Manager MSAT

The Manager, MSAT will play a key role in building and scaling Manufacturing Science & Technology capabilities within a growing GMP manufacturing environment. This role is responsible for supporting technology transfer, process validation, and commercial manufacturing readiness across API and sterile product programs.

Reporting directly to the VP, Technical Operations & Quality, this individual will act as a trusted technical partner—helping translate strategy into execution, establishing structure, and enabling reliable, compliant manufacturing as operations scale.
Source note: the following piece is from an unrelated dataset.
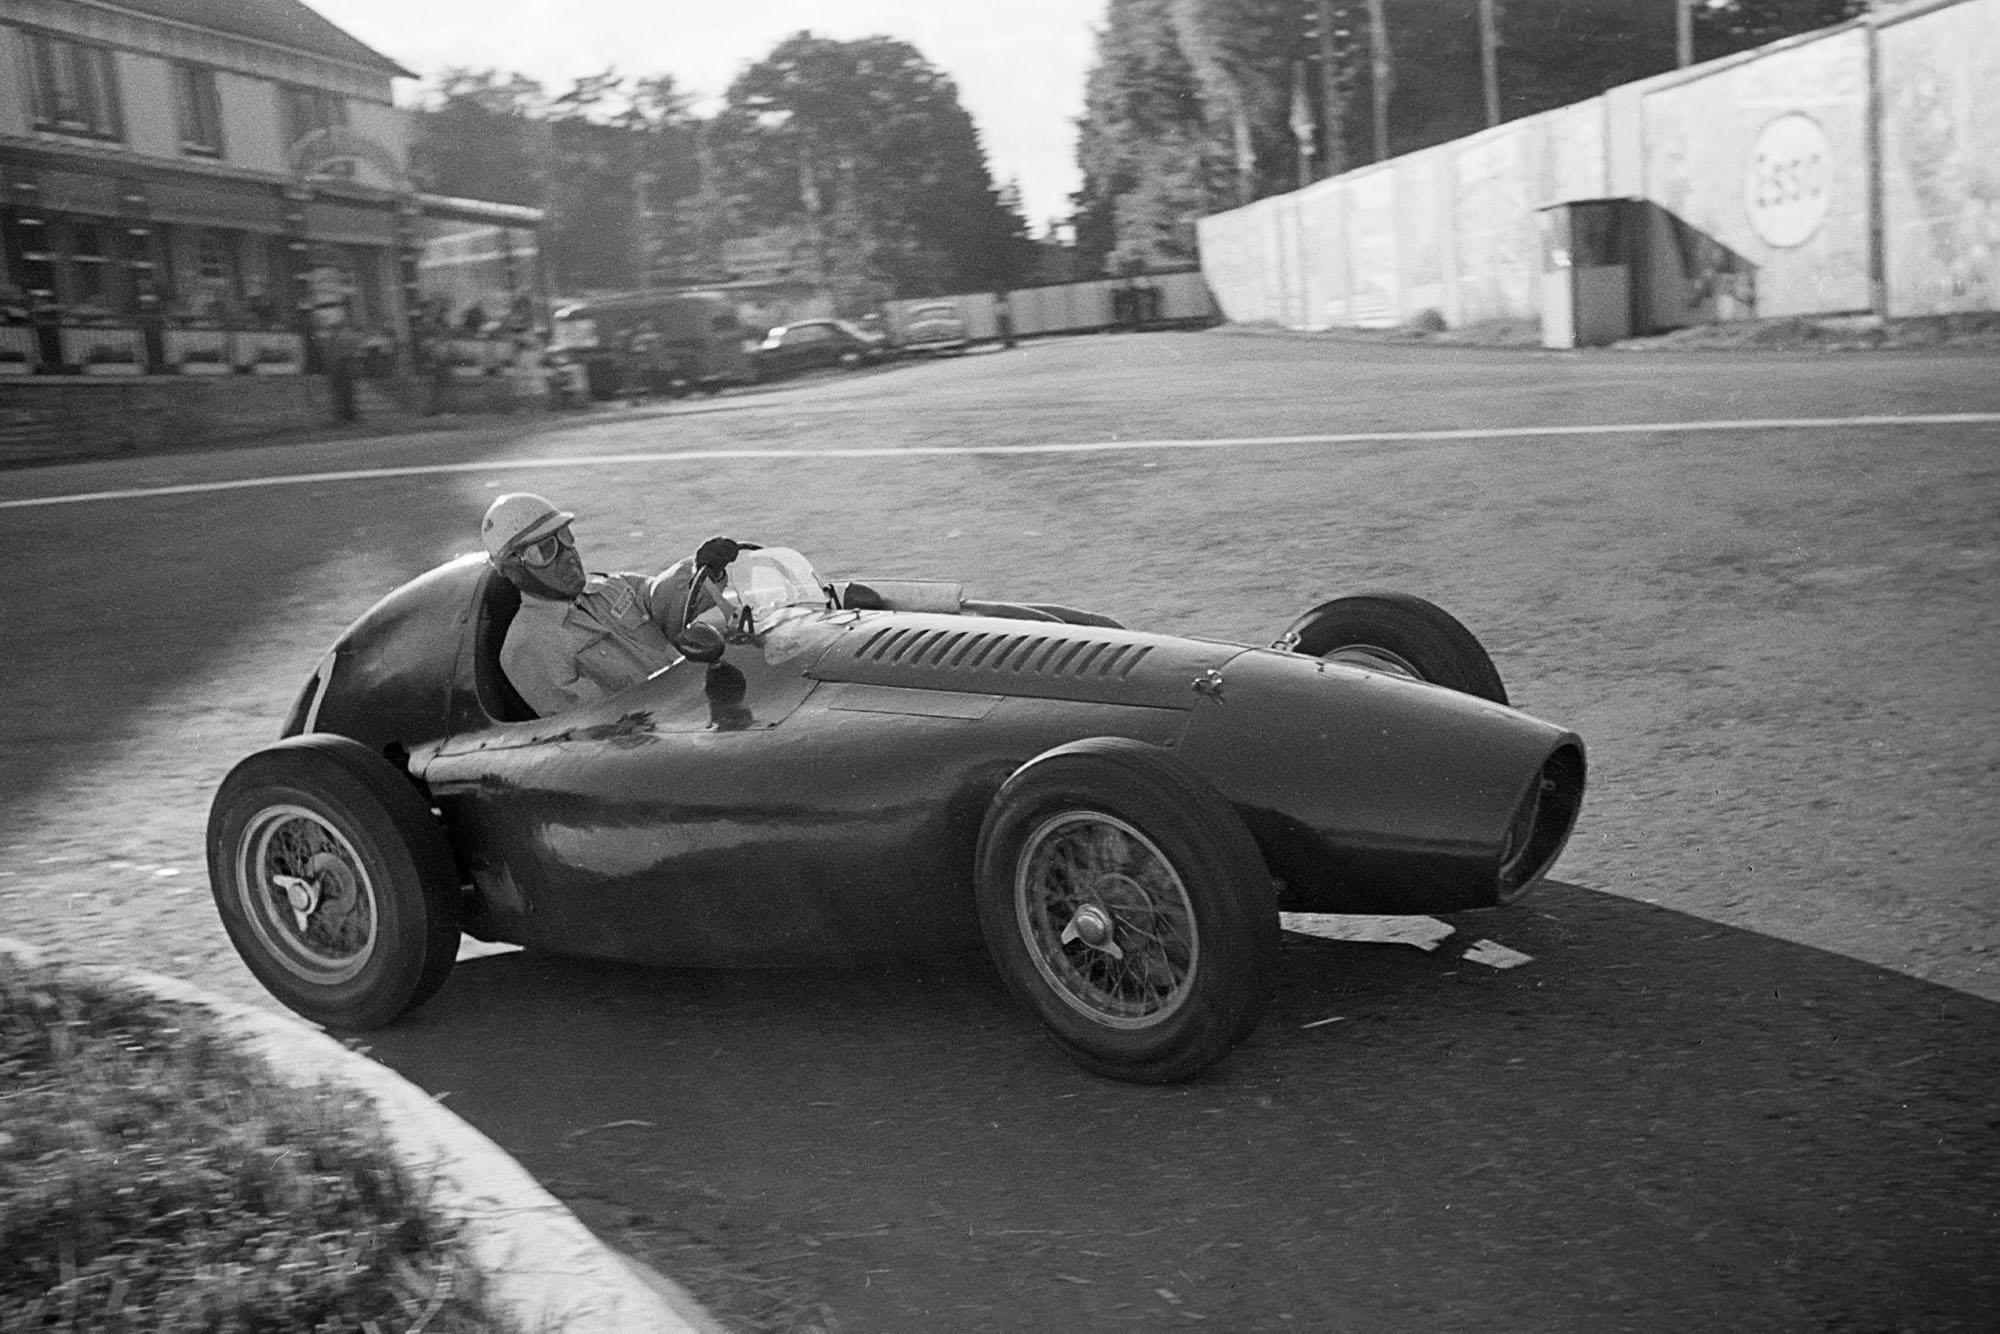 Nino Farina, Ferrari 553 , Grand Prix of Belgium, Circuit de Spa-Francorchamps, 20 June 1954. (Photo by Bernard Cahier/Getty Images)
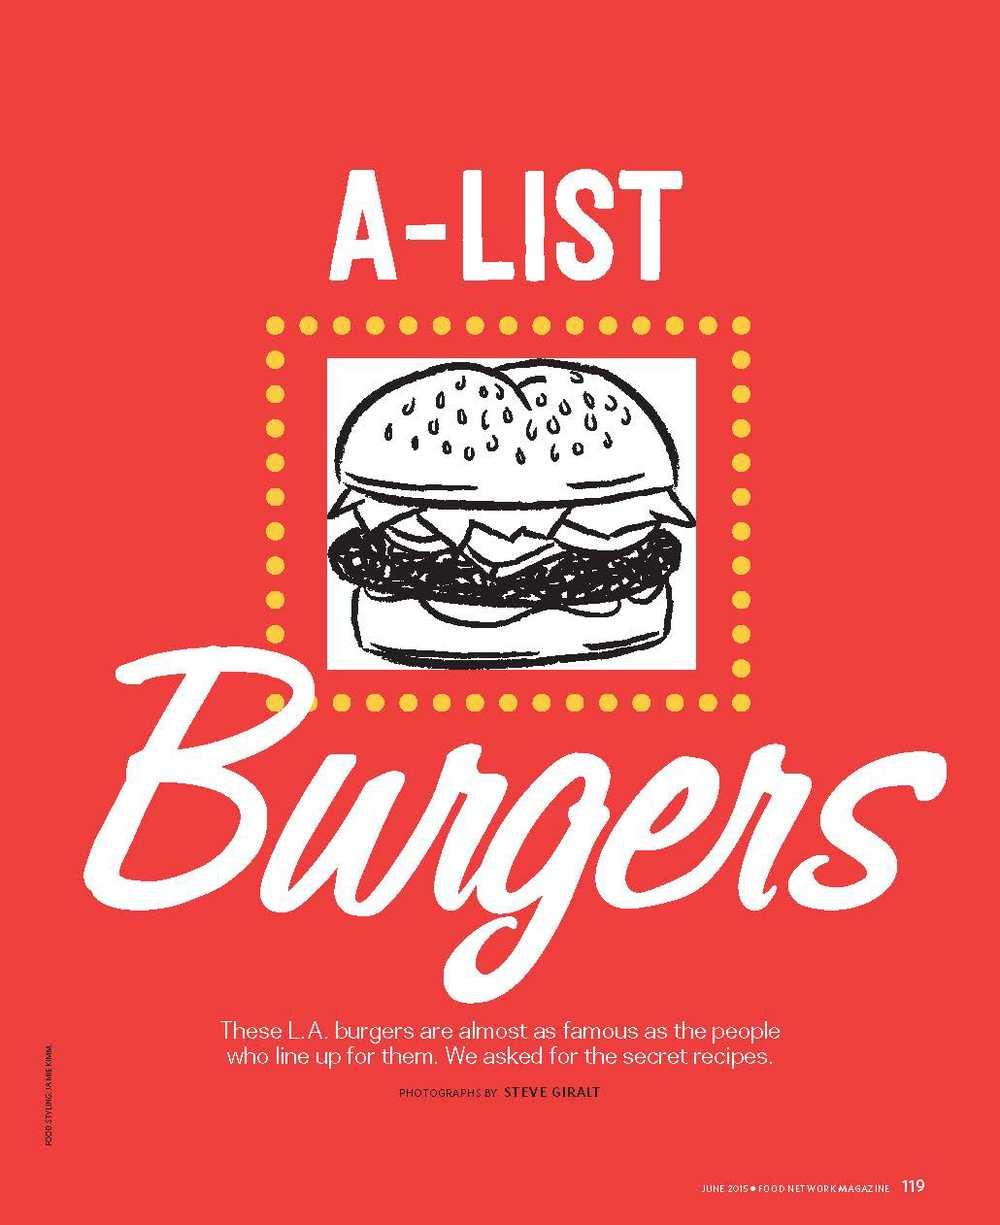 Copyright © 2015 Food Network Magazine

The role sits within a highly collaborative technical organization and works closely with cross-functional teams including Technical Operations, Quality, Engineering, Manufacturing, and Program Management.

Key Responsibilities

• Lead process development, scale-up, and validation activities from development through commercial GMP manufacturing
• Establish and implement MSAT processes, tools, templates, and SOPs
• Support technology transfer activities to ensure smooth handoff into manufacturing
• Author and review technical documentation including protocols, reports, batch records, deviations, and change controls
• Develop and execute process and cleaning validation strategies
• Conduct process risk assessments, gap analyses, and fit-to-plant evaluations
• Partner with Engineering and Operations on equipment selection, process design, and facility readiness
• Support media fill planning, execution, and reporting
• Provide MSAT support during regulatory inspections and audits
• Act as a technical bridge between development, quality, engineering, and manufacturing teams
• Promote a strong GMP culture and continuous improvement mindset

Qualifications

• Master’s degree in Chemistry, Pharmacy, Chemical Engineering, or a related discipline
• PhD strongly preferred
• 5+ years of experience in MSAT, validation, or process qualification within a GMP-regulated pharmaceutical environment
• Strong knowledge of GMP requirements (Health Canada, FDA, EU)
• Experience supporting sterile manufacturing environments
• Proven ability to generate and manage regulatory-ready documentation
• Experience supporting regulatory inspections
• Six Sigma and/or PMP certification considered an asset

Key Attributes

• Builder mindset with comfort creating processes and structure from the ground up
• Strong technical judgment and risk-based decision making
• Collaborative and cross-functional working style
• Comfortable operating in fast-growing, evolving environments
• Clear communicator able to translate complex technical concepts
• Hands-on approach with the ability to balance execution and leadership

Additional Information This is a net new role created to support continued growth and expansion of manufacturing operations.
Compensation:
Competitive base salary in the range of $100,000 – $140,000, plus comprehensive benefits and additional total rewards.